Does it? Once again, you seem to be thinking in "partial registers" rather than "just another one" --- and I argue that this conceptual difference is very important. E.g. you can work with both AL and AH independently, then use them together as AX --- at which point, yes, the processor will need to wait for the results from both, but then it can combine them implicitly without having to waste time and space decoding and executing the instructions to do it.

link

simias 2851 days ago

>Of the times I've used Asm, there's been far more situations where an extra 32-bit register would be more useful than a 64-bit one

You need a 64 bit register any time you want to store a pointer though unless you want to use some kind of a segmented memory model. I don't think anybody wants to go back to that although I'm not one to criticize weird fetishes.

Clearly when you look at the fine details of AMD64 it looks like a weird frankenstein monster of an instruction set. REX prefix holding the MSBs of registers since 32bit opcodes only allowed three bits to encode 8 registers. Same prefix used to set the width of memory target operands, except that some instructions default to 32bits while others default to 64. R12 has weird encoding quircks because it matches RSP in the "low" register set and that register has specific semantics when used as a base register...

I wonder how much die area is used on a modern CPU just to deal with all this cruft and translate it into a saner RISC instruction set internally.

link

BeeOnRope 2851 days ago

Well the 16-bit and 8-bit registers work this way, and actual hardware shows this is far from free. We've had partial register stalls, merging uops, and other weird behavior (for example, ah today works very differently from al).

It's easy to say "think of them as separate registers" just as it's easy to say "think of them as a partial registers" - but the ISA definition is such that they have to appear as partial registers in the scenarios where it would be visible.

So sure, you could make hardware that would rename and treat them as different registers (at it has been done on some x86 versions), but then when you read a wider portion you need to combine them, which won't be free (yes it happens "implicitly" but that doesn't somehow make it much easier for the hardware).

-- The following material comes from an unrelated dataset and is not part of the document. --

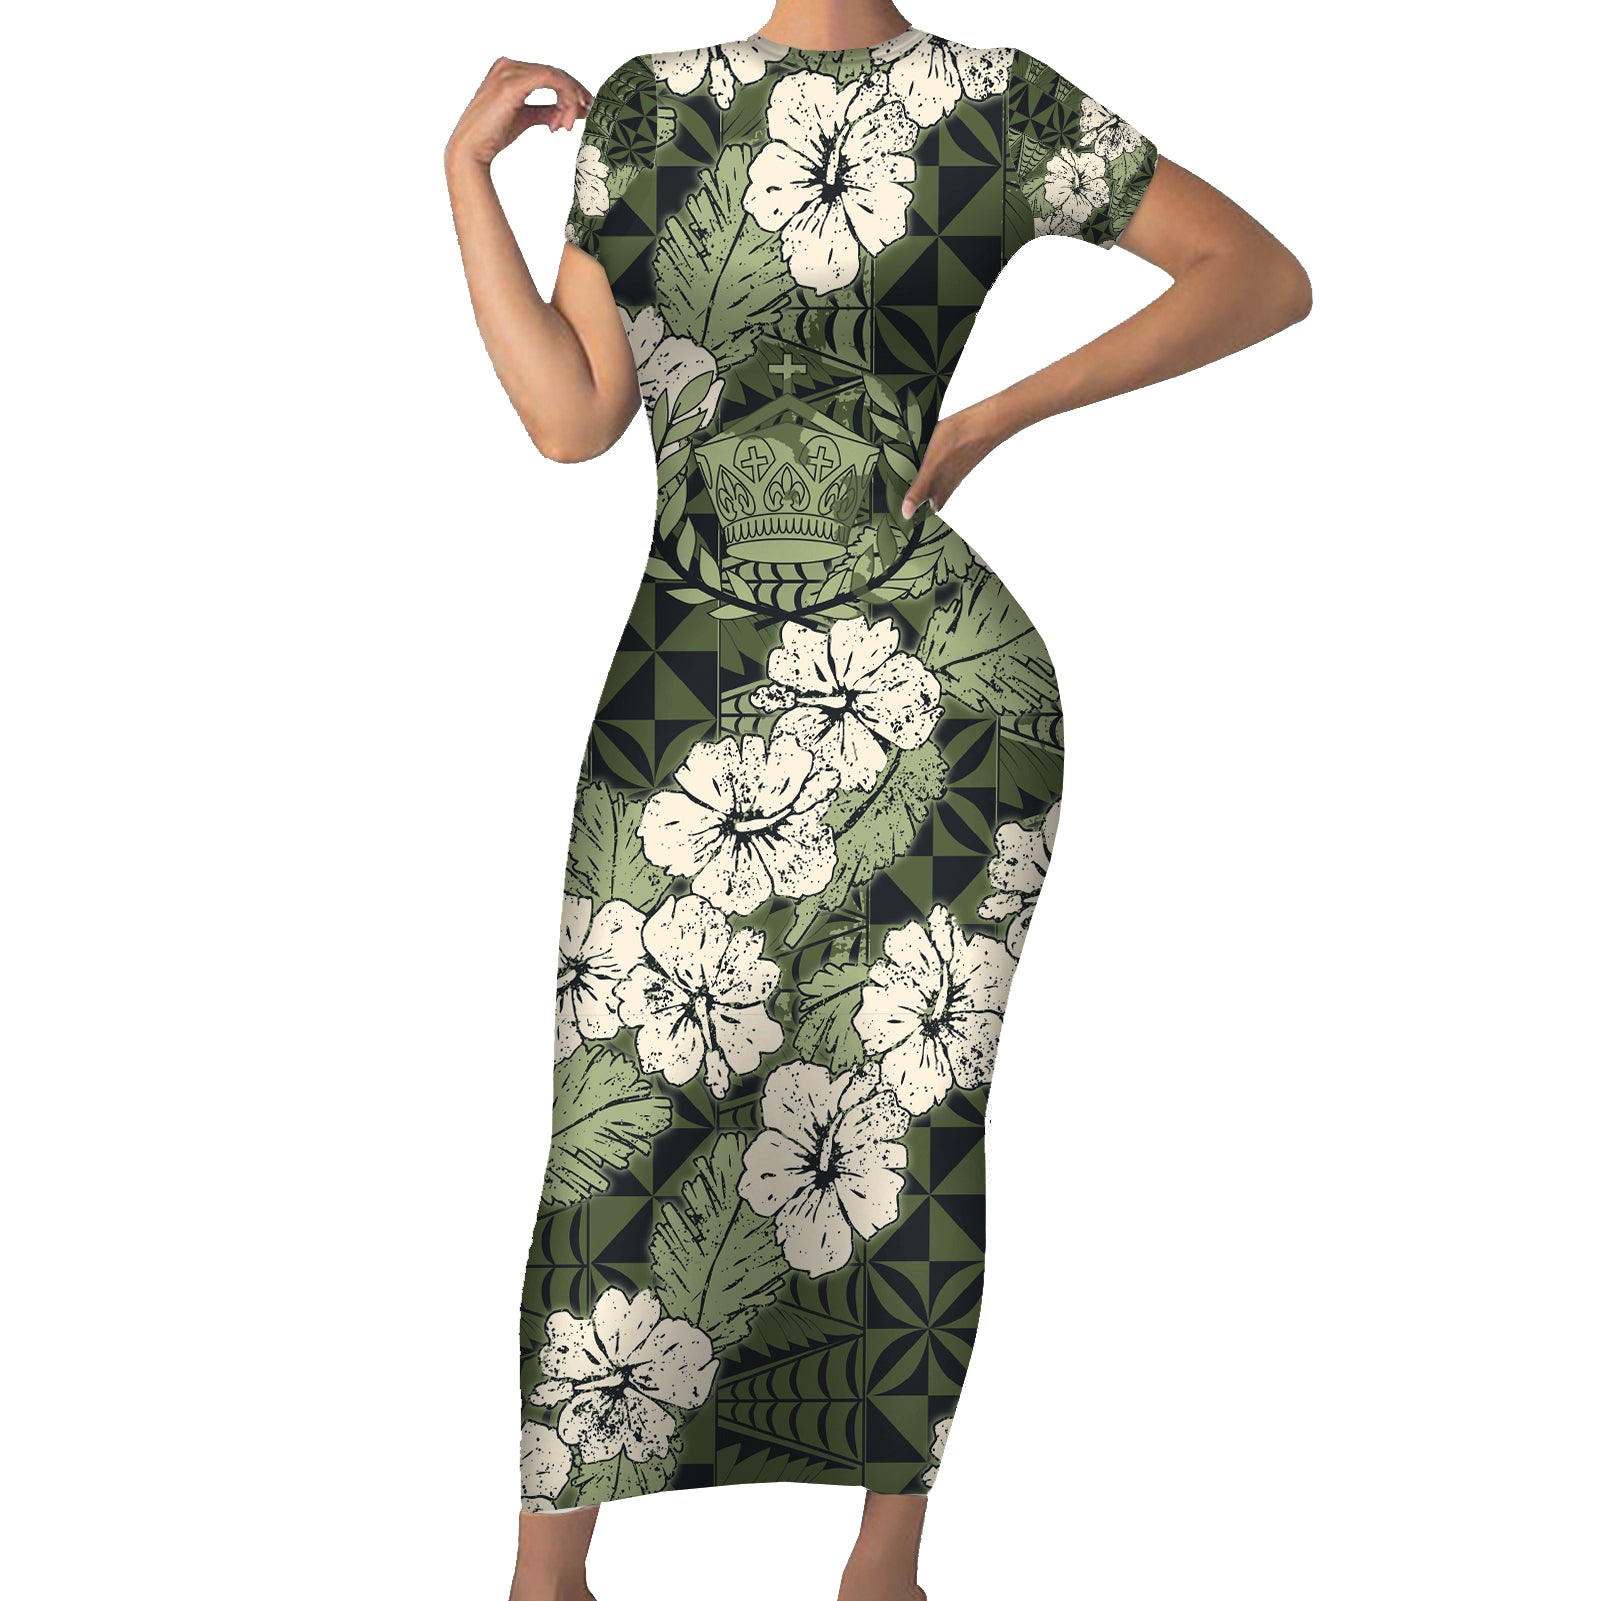 Tongan Kupesi Ngatu Hibiscus Vintage Motif Short Sleeve Bodycon Dress

There are also plenty of cases where you want zero-extension for functional reasons, especially in compiled code where things like casts to a larger size become free. Cleverly using both halves of a register and using the implicit combination into a full 64-bit value is much rarer that just wanting to store a 32-bit value and sometimes wanting to use it as a zero-extended 64-bit value.

link

bogomipz 2850 days ago

>"We've had partial register stalls, merging uops, and other weird behavior (for example, ah today works very differently from al)."

Can you elaborate on the last behavior, that " ah today works very differently from al"? How do they differ? I hadn't heard this before.

link

BeeOnRope 2850 days ago

You can find all the gory details at:

https://stackoverflow.com/a/45660140/149138

link

ant6n 2851 days ago

I think ARM64 has instructions for inserting ranges of bits from one register into another.

link

haberman 2851 days ago

Interesting. It seems then that we can understand the difference between the 16->32 design of IA-32 (1985) and the 32->64 design of x86-64 (2003) as being heavily influenced by the fact that out-of-order execution had become an important consideration in 2003?

link